A federal judge in Los Angeles yesterday gave oilman T. Boone Pickens Jr. a major victory in his attempt to gain control of Unocal Corp. by ordering Unocal to postpone its annual meeting so that the company can correct "misleading" information in its proxy statement.
The meeting, which was scheduled for Monday in Los Angeles, was ordered postponed until May 13 or later.
The court action gives Pickens more time to lobby shareholders in favor of his $54-a-share, $3.4 billion offer for 51 percent of Unocal, formerly Union Oil Co. of California. Unocal has made a counterbid of $72 a share for 29 percent of the stock.
Pickens, the chairman of Mesa Petroleum Co., said that even with yesterday's ruling he would continue to push for shareholder approval of a further adjournment, or postponement, of the meeting to give the shareholders time to sort out the increasingly confusing situation.
"We will continue to go for adjournment, but two weeks is going to help the stockholders immeasurably on the deal," Pickens said in an interview from his Amarillo, Tex., headquarters. "It looks like the judge out there is looking after the Unocal stockholders. . . . He knows that the stockholders are having trouble sorting through this thing."
Unocal said it would comply with the judge's ruling and not appeal it. The company rescheduled the meeting for May 13 and said the new proxy information would go out to shareholders no later than next Tuesday.
But a Unocal attorney, James Robertson, was quoted by the Associated Press as telling the judge after the ruling, "You've given Mesa what they've been asking for all along. I don't know if we can correctly weigh the damages that may have been inflicted."
The ruling, by U.S. District Court Judge Wallace Tashima, did not go entirely in Pickens' favor. The judge also found that Pickens had not adequately disclosed his intentions in filings with the Securities and Exchange Commission in connection with the accumulation of 13.6 percent of Unocal's stock by Mesa Partners II, an investor group led by Pickens.
As a result, the judge ordered Pickens to extend the deadline for his offer for Unocal stock until at least May 10 so the filings could be corrected and disseminated to Unocal shareholders. But Tashima stopped well short of honoring Unocal's request that Pickens be barred from voting on any company matters with 11 million of his 23.7 million Unocal shares. Judge Tashima called that attempt to "sterilize" Pickens' shares "an extreme remedy not warranted."
Judge Tashima said Unocal should delay its meeting so it can send to stockholders corrected versions of its proxy materials, reflecting changes that were made in corporate rules as the battle with Pickens has raged in recent weeks. Tashima noted, for instance, that the proxy materials did not include a ruling by a Delaware court earlier this week barring Unocal from ignoring any proposals to shareholders that Pickens might make if the meeting were postponed.

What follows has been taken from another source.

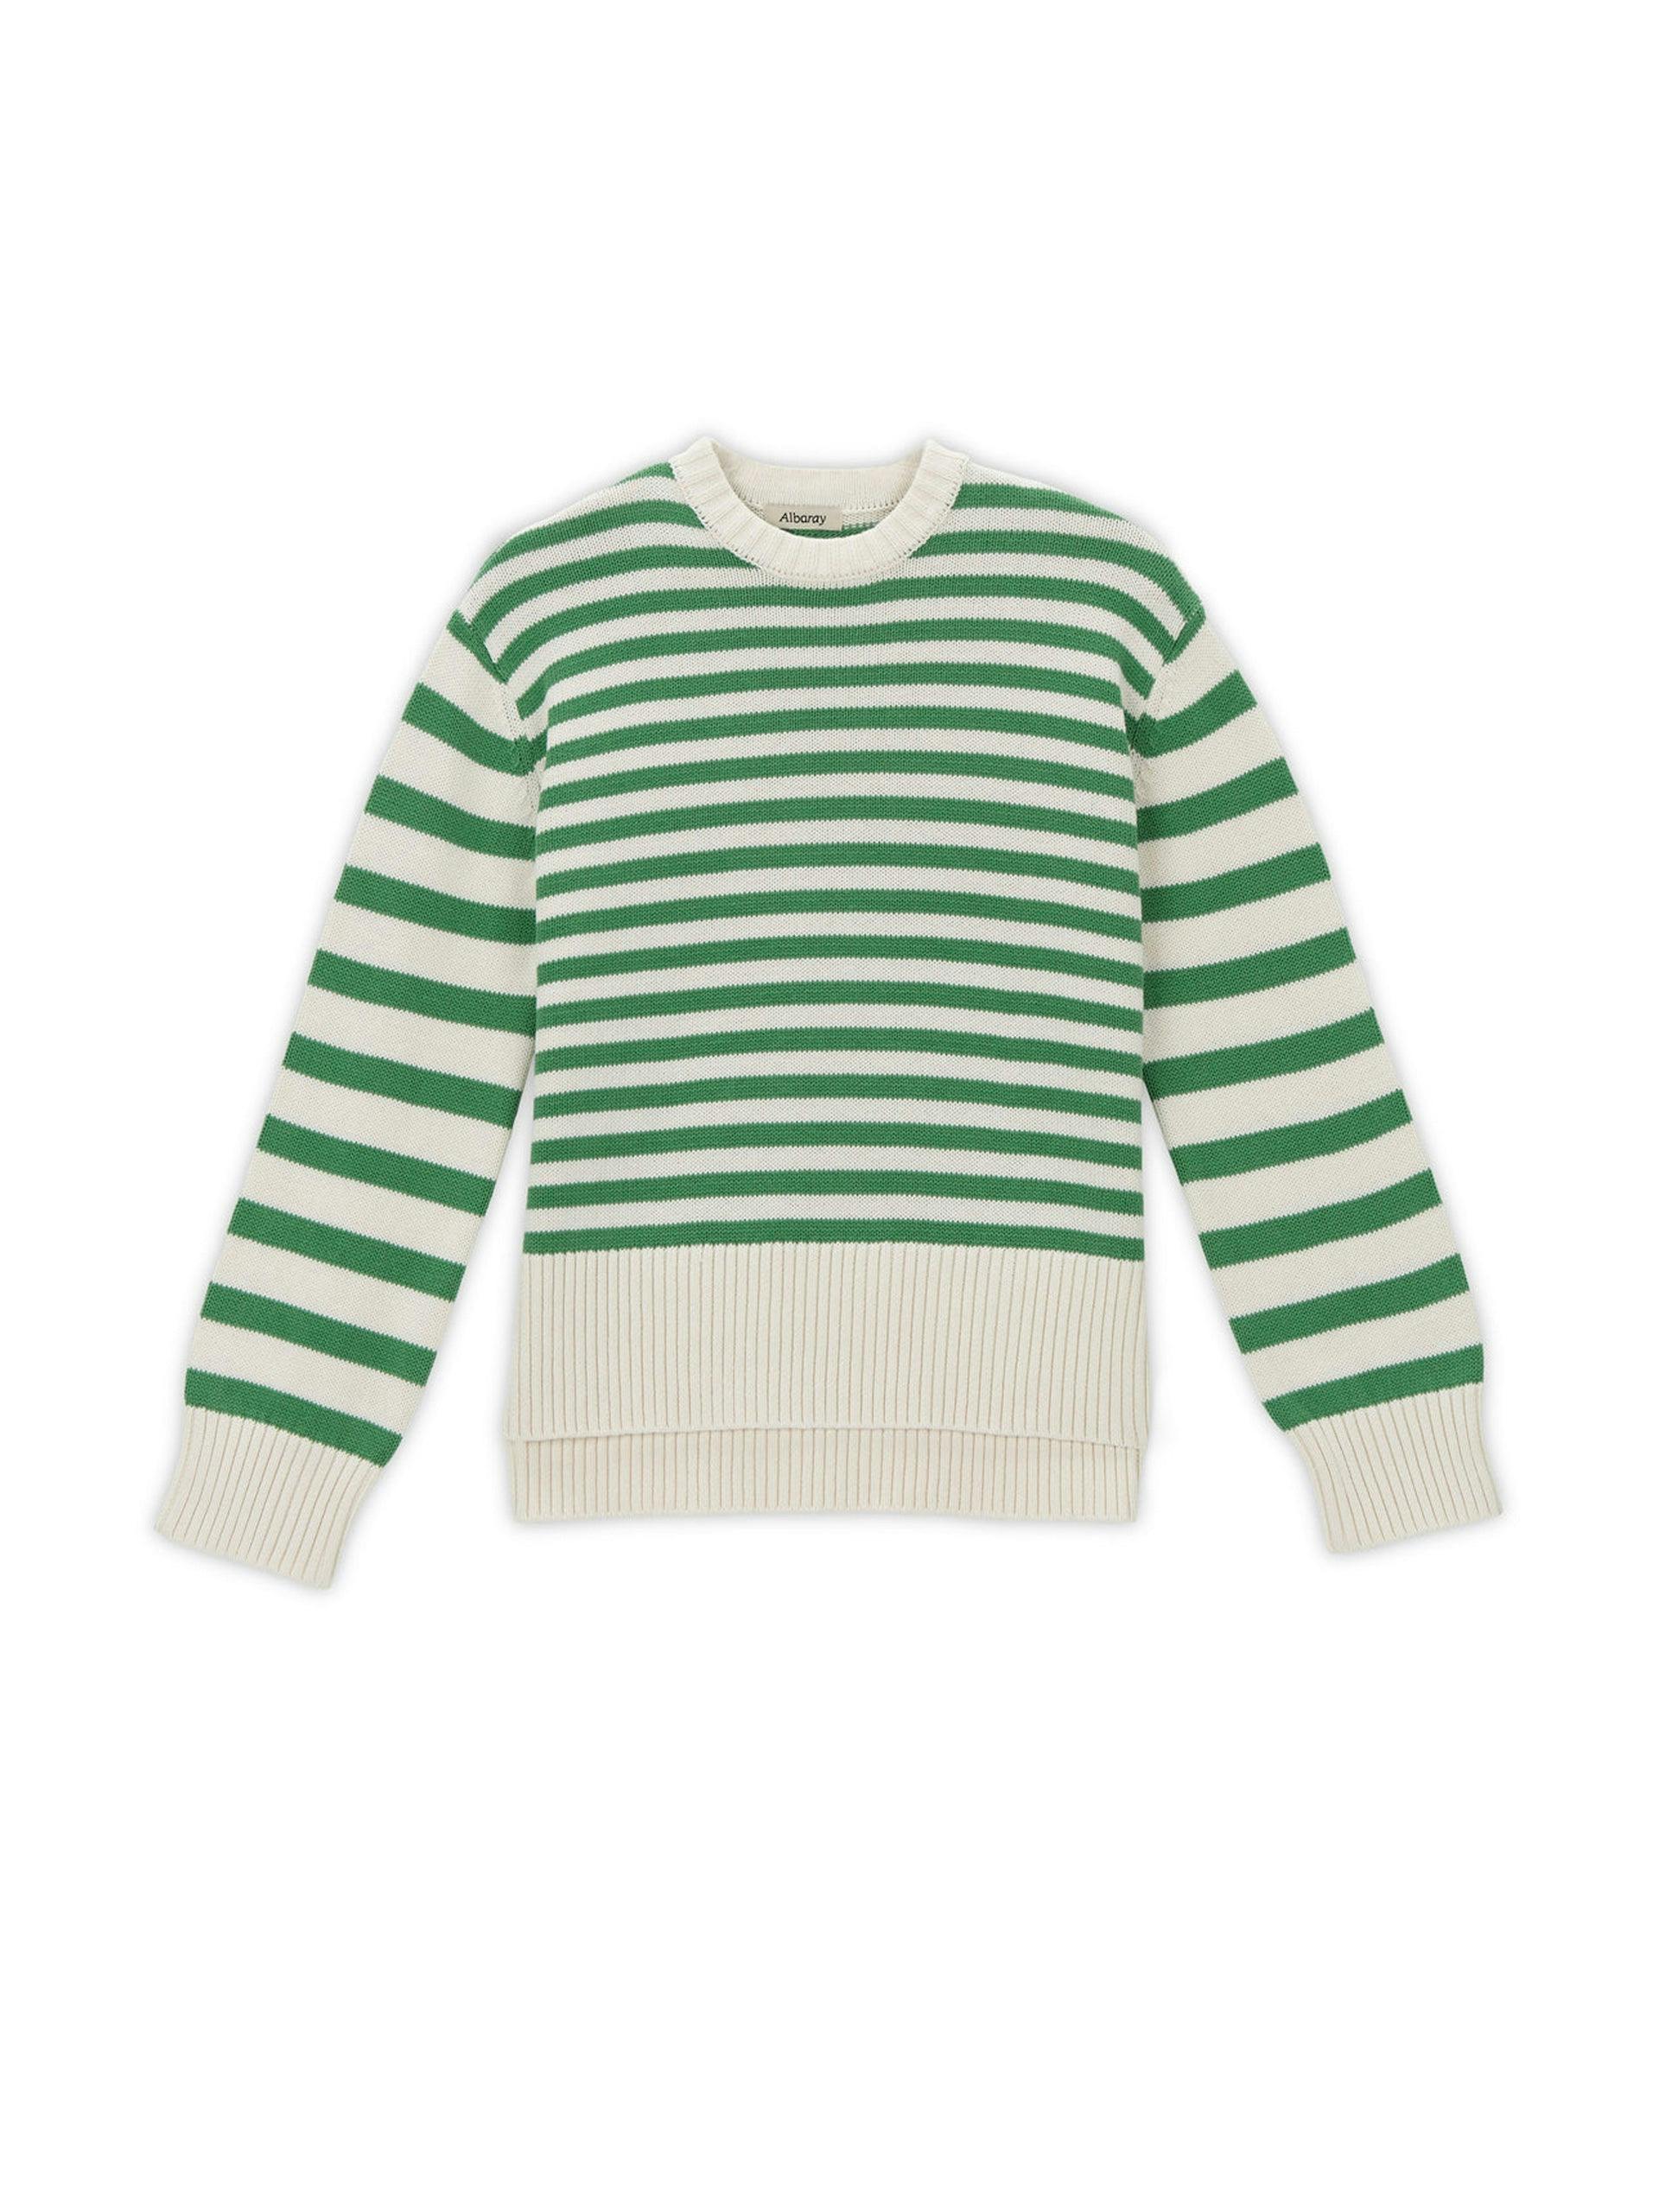 Green striped jumper

Tashima's ruling settles some of the key issues in the complicated battle between Pickens and Unocal, but others still remain. Pickens is attempting to get courts to void some of Unocal's defense mechanisms against him, and also wants to force Unocal to let him make proposals to shareholders to be voted on at the annual meeting when it is finally held. Unocal has fired its own legal salvos back at Pickens.
The delay in the meeting ordered yesterday, however, will give each side a chance to find out what Unocal shareholders think of their respective offers.
Unocal has argued that Pickens' $54-a-share bid is inadequate, and answered with its own $72-a-share bid for part of its stock. That offer is not available to Pickens, Unocal claims -- something Pickens also is litigating -- and is seen by analysts as a "poison pill" that will frustrate Pickens' efforts both by presenting Unocal shareholders a better offer and increasing the company's debt, thus making it a less attractive takeover target.